The book says that using $\text{Cov}\left(A\mathbf{Y}+b\right) = A\text{Cov}\left(\mathbf{Y}\right)A^{\prime}$, we can show that $\text{Cov}\left(\mathbf{Y}\right)$ is nonnegative definite for any random vector $\mathbf{Y}$.
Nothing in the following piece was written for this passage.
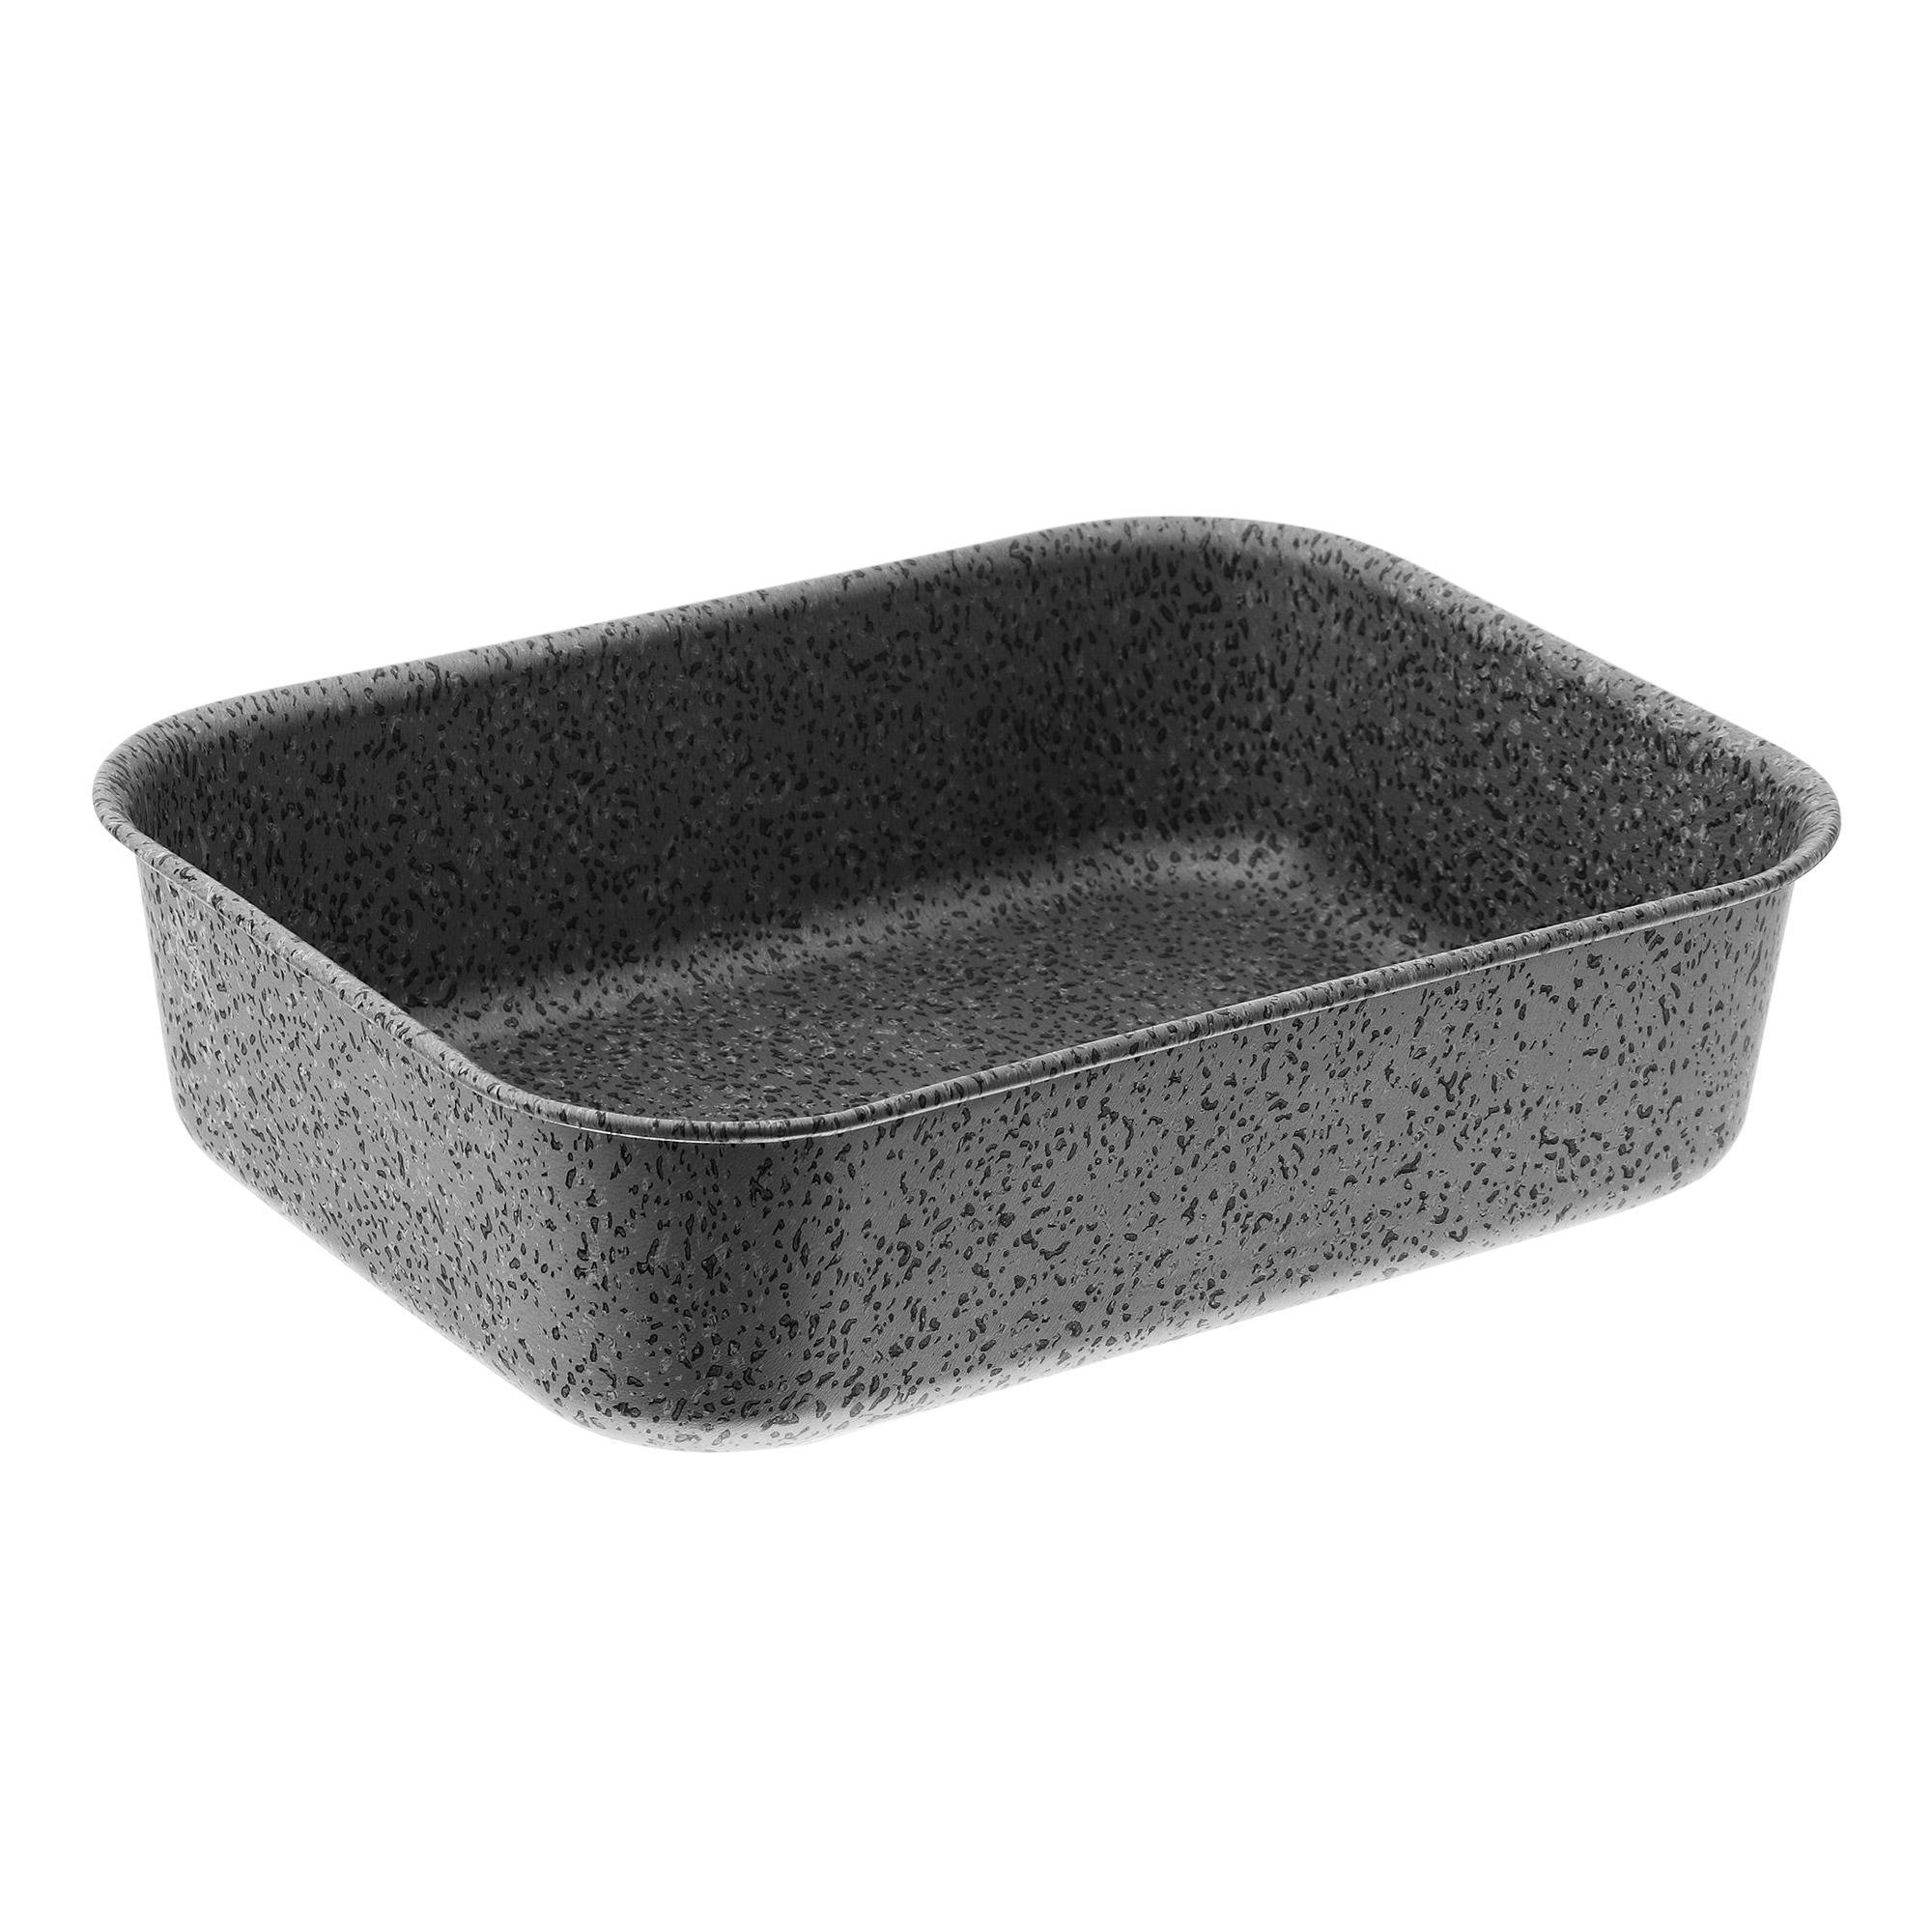 Форма для выпекания Mamu Fiamma 27х19 см форма для выпекания металл frittori esf 26 26х7см

So we have for $v \in \mathbb{R}^n$, $$v^{\prime} \text{Cov}\left(\mathbf{Y}\right) v = \text{Cov}\left(v^{\prime}\mathbf{Y}\right)\text{.}$$ Just looking at the matrix dimensions, I know that $v^{\prime}\mathbf{Y}$ is a $1 \times 1$ summation of terms. In particular, $$v^{\prime}\mathbf{Y} = \begin{bmatrix} v_1 & v_2 & \cdots & v_n \end{bmatrix}\begin{bmatrix} y_{1} \\ y_2 \\ \vdots \\ y_n\end{bmatrix} = \sum\limits_{i=1}^{n}y_iv_i\text{.}$$ Just given my machinery above, I'm not sure how to find $\text{Cov}\left(\sum\limits_{i=1}^{n}y_iv_i\right)$ without it being very messy.

Note that I already asked a very similar question here, but I would like to know what the author of the book is thinking by suggesting using $\text{Cov}\left(A\mathbf{Y}+b\right) = A\text{Cov}\left(\mathbf{Y}\right)A^{\prime}$.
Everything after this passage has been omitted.